- WHAT NEEDS TO BE DONE: Retype the records below exactly as they stand, omitting the pictures.

[[ SUPPLIED RECORDS, beginning ]]

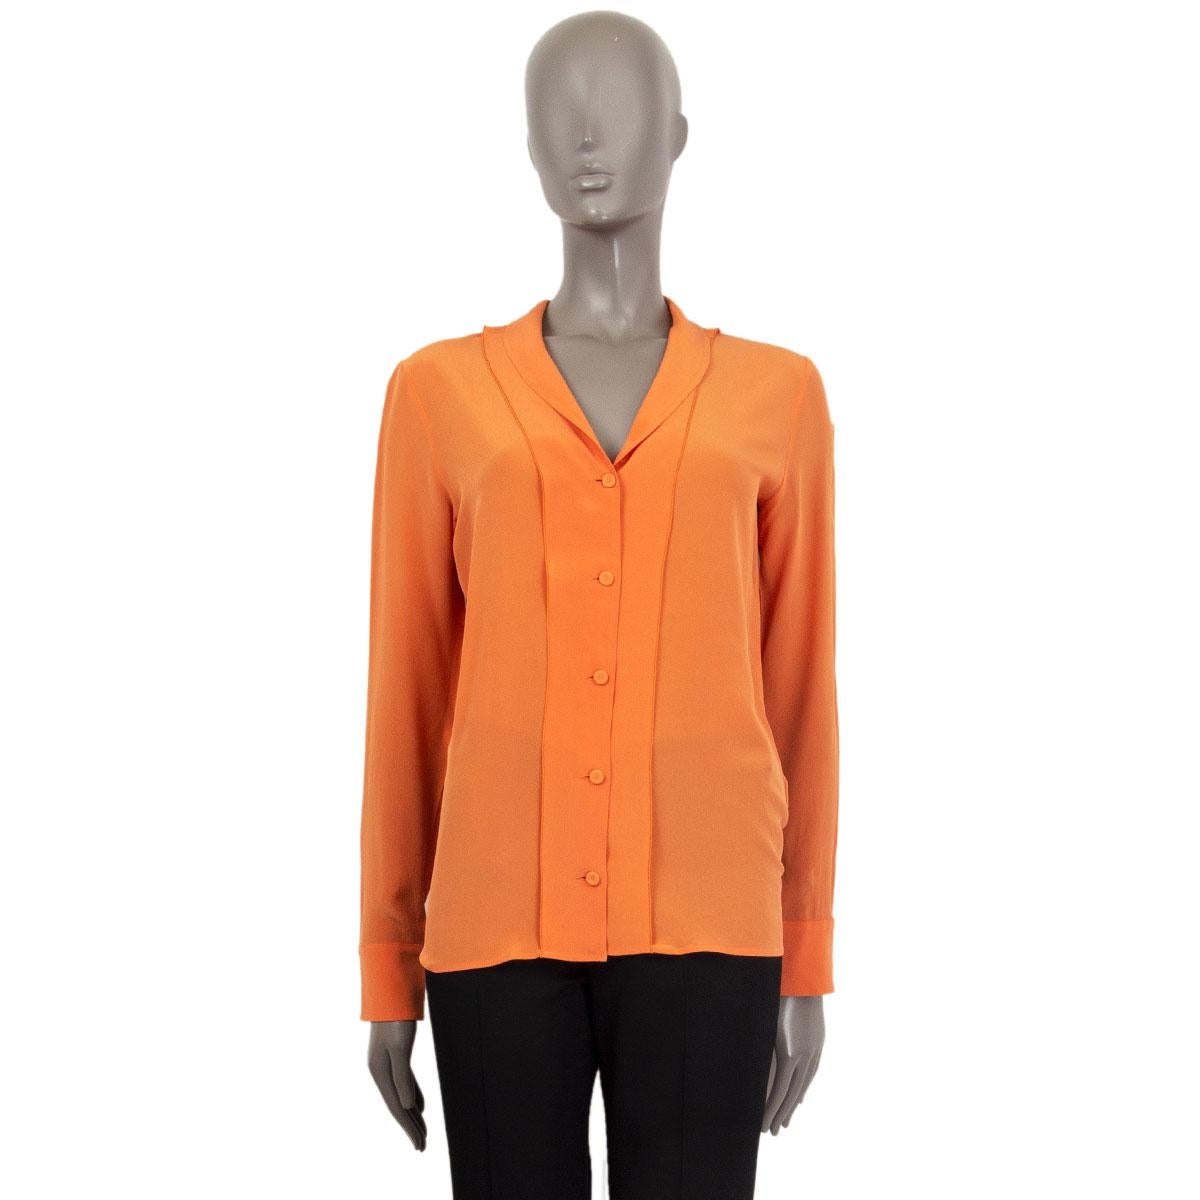 100% authentic Bottega Veneta shirt in orange silk (100%) with shawl collar and long sleeve. Closes with five buttons on the front and has buttoned cuffs. Unlined. Has been worn and is in excellent condition.

Measurements
Tag
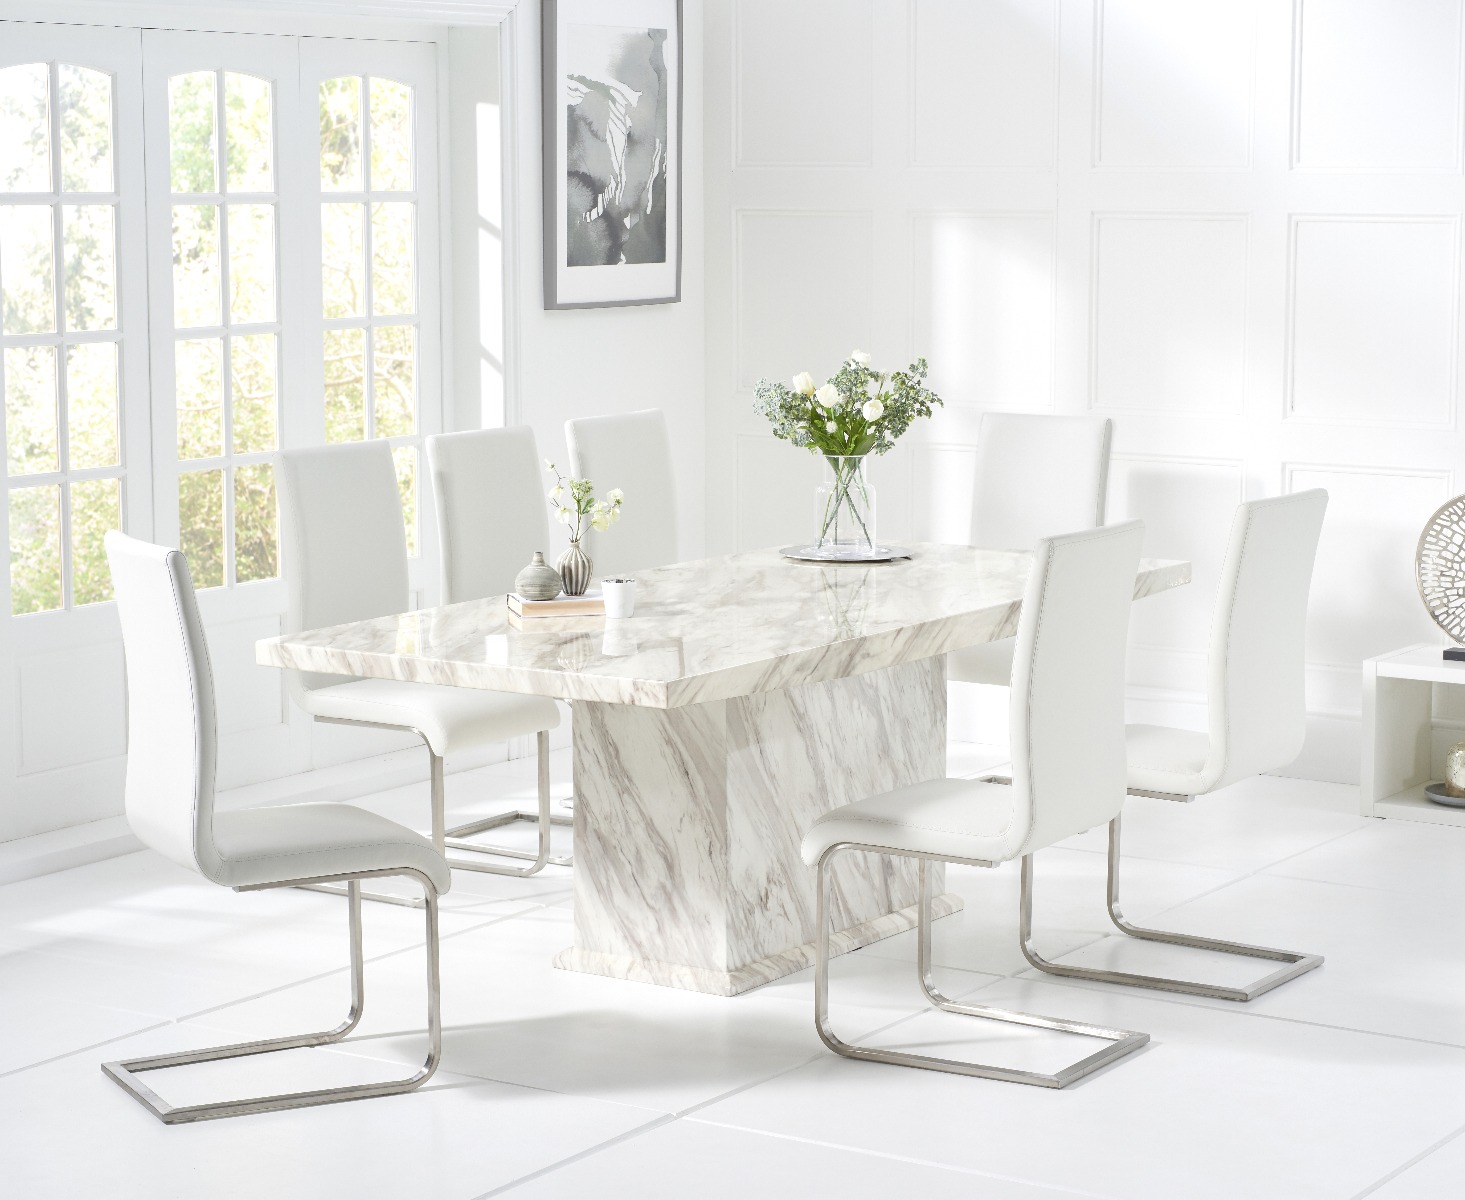 Calacatta 220cm Marbleeffect Dining Table With 10 Grey Malaga Chairs
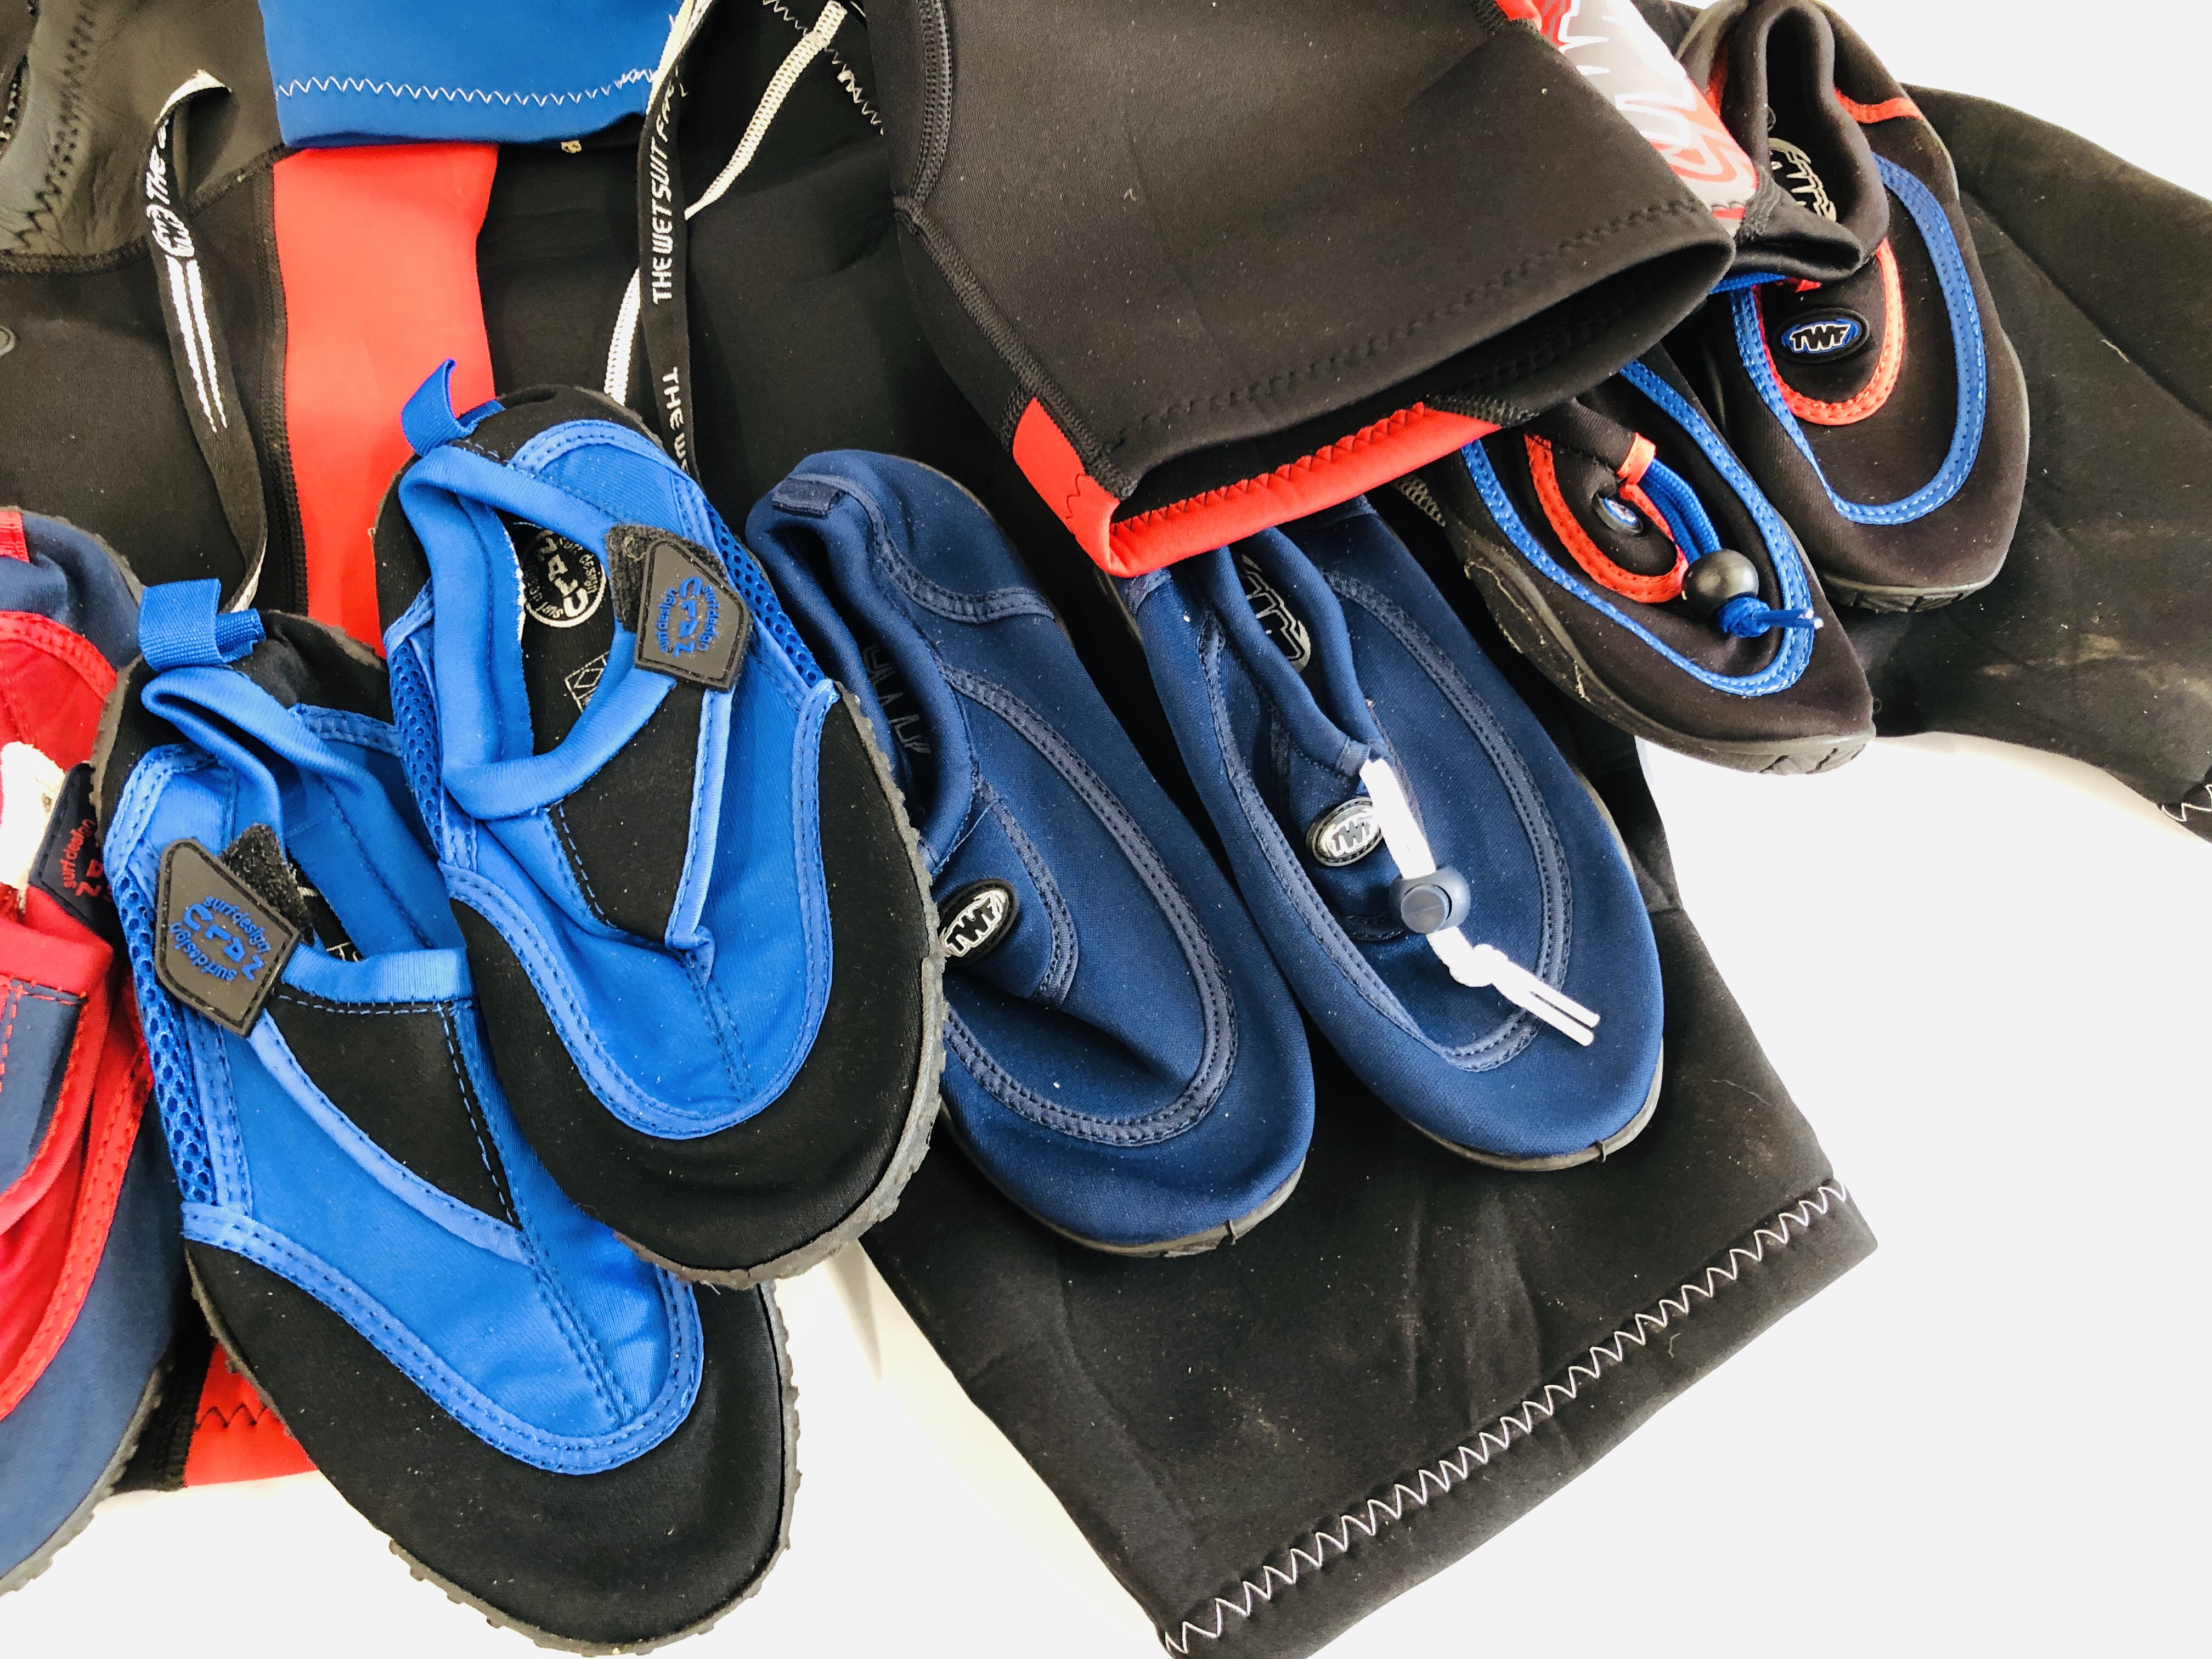 A GROUP OF 7 KIDS WET SUITS INCLUDING SIZES 11, 12 AND 8 + VARIOUS WATER SHOES. - Image 3 of 12

[[ SUPPLIED RECORDS, end ]]

- ANSWER BELOW:
 100% authentic Bottega Veneta shirt in orange silk (100%) with shawl collar and long sleeve. Closes with five buttons on the front and has buttoned cuffs. Unlined. Has been worn and is in excellent condition.

Measurements
Tag
 Calacatta 220cm Marbleeffect Dining Table With 10 Grey Malaga Chairs
 A GROUP OF 7 KIDS WET SUITS INCLUDING SIZES 11, 12 AND 8 + VARIOUS WATER SHOES. - Image 3 of 12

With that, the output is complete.